Similar content being viewed by others
Introduction
Utilizing Radiomics Features (RFs) to quantitatively assess clinical or pathological conditions remains challenging for implementation in clinical practice due to issues with reproducibility and generalizability1. Consequently, no RFs-based software has yet gained approval from regulatory bodies such as those in the United States (US) or the European Union (EU).
As a response, international scientific endeavors have focused on enhancing technical stability and achieving better reproducibility across various clinical scenarios, exemplified by initiatives like The Image Biomarker Standardization Initiative2,3.
Nonetheless, challenges related to non-reproducibility persist in current studies utilizing RFs derived from CT scans. Primarily, normalization algorithms for pre-processing rely heavily on either acquired images or pre-acquired digital phantoms, which serve as the benchmark for evaluating RFs' stability under different CT scanner parameters, thus minimizing patient exposure to X-rays. However, studies have demonstrated that not all materials used in digital phantoms remain stable when CT acquisition protocols are altered, potentially failing to accurately represent the intricate structures of the human body4,5,6. Cadaveric studies offer a more precise depiction of organ textural structures, yet research in this area is limited, particularly regarding the impact of CT protocols on cadaveric specimens acquired externally from the donor's body.
This study aims to assess the reproducibility and behavior of RFs derived from CT images of vertebrae obtained from a cadaveric thoraco-abdominal trunk7. CT scans from the same cadaver were conducted using varied acquisition parameters across three CT scanners from different manufacturers and with different detector counts. A test–retest procedure was also executed on a single CT scanner. We conduct a detailed evaluation of the influence of each CT acquisition parameter on individual RFs and provide a quantitative comparison of RFs' harmonization accuracy between a novel Generalized Linear Model (GLM) and the ComBat algorithm. Our analysis exhibits the GLM as a more precise method for standardizing data in Radiomics CT analyses. We make both the entire image dataset and the GLM model accessible for further analyses, whether for customizing analyses to different body organs, exploring alternative Radiomics libraries, or developing optimized standardization algorithms.
Results
The results are organized as follows: each paragraph reports a summary of the specific effects of each protocol parameter on the RFs both in terms of univariate and multivariate (GLM) statistical analyses, whereas all the complete details are reported in exhaustive tables accompanied by a description of all the possible comparisons in the Supplementary Material.
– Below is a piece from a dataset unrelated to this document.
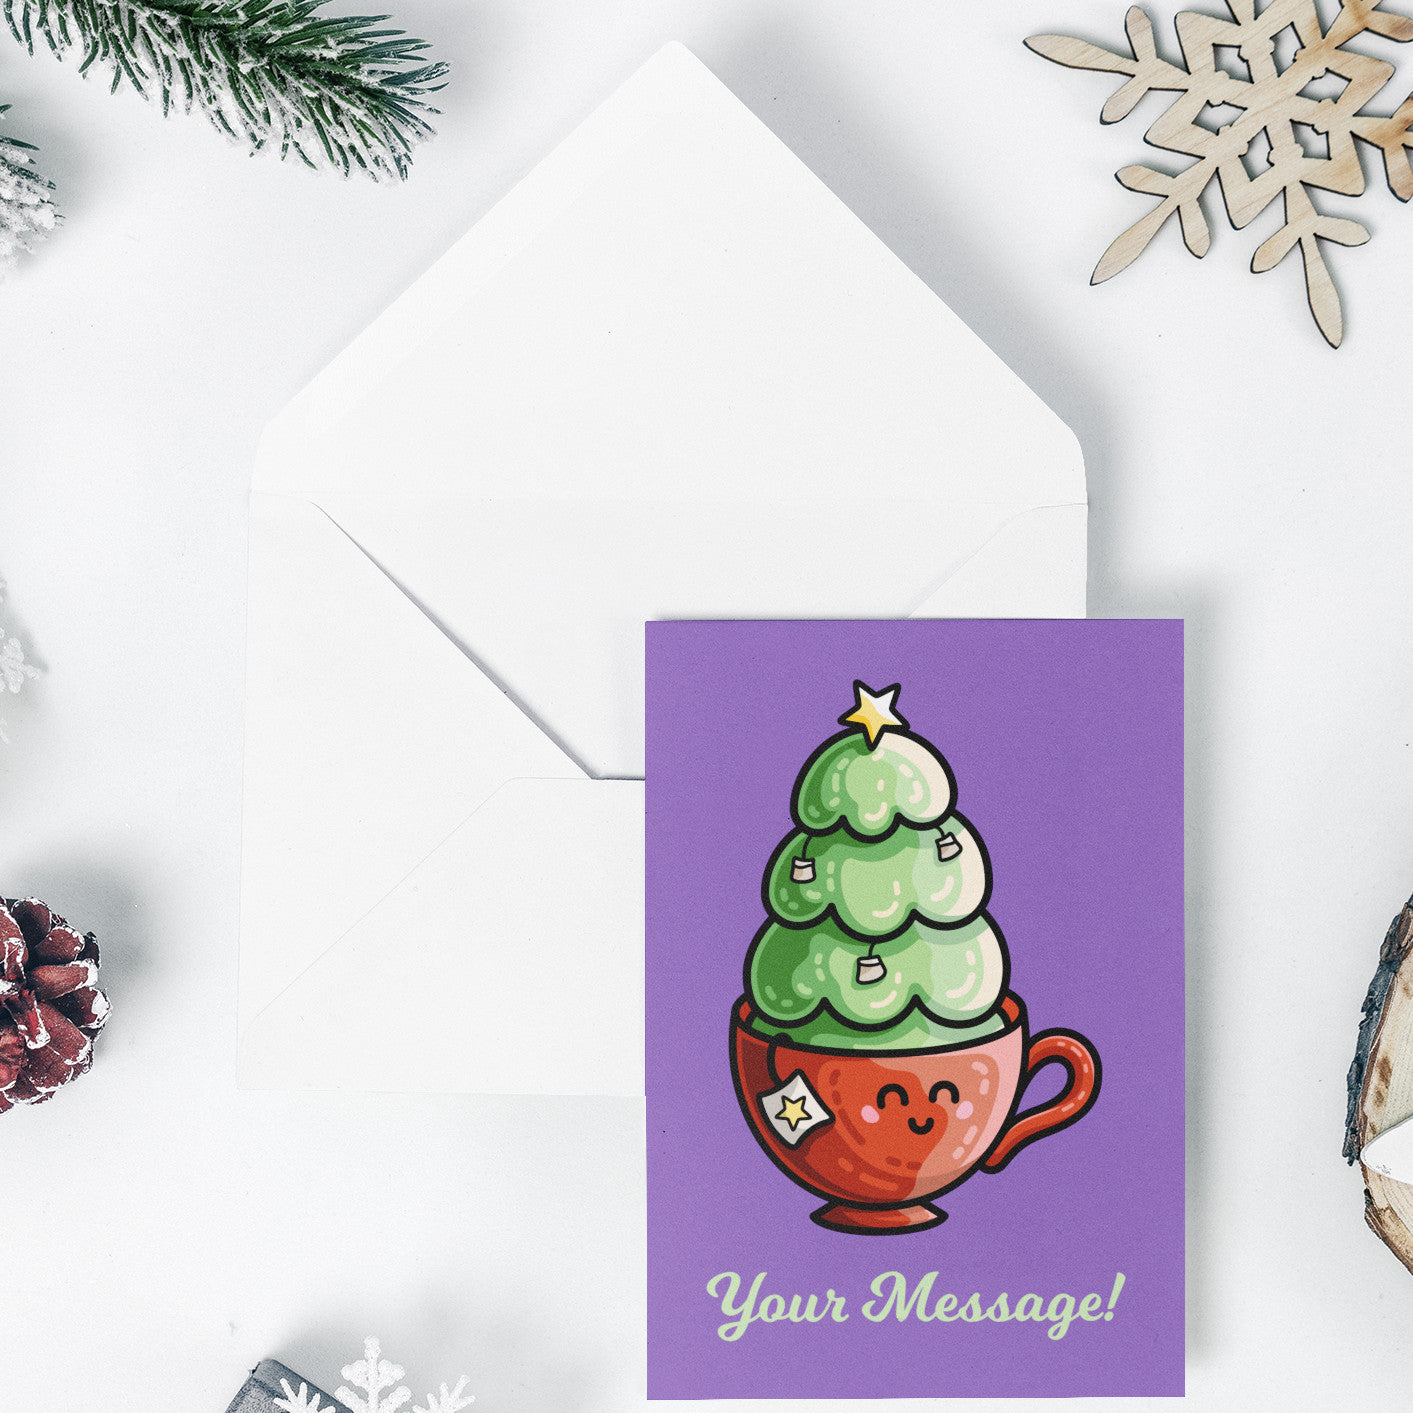 An open white envelope beneath a purple greeting card with a design of a cute red teacup with a Christmas tree planted in it decorated with hanging teabags

Effects of KV variation on features reproducibility
The statistical analysis of CT acquisitions at fixed mA (300 mA) and variable kV showed significant differences on texture RFs, with variable impact according to the considered scanners. No effects on shape features were found on all scanners. Multivariate analyses through GLM showed a general agreement with univariate testing in terms of voltage effects. Of note, specific voltage effects were also found for each scanner on texture features.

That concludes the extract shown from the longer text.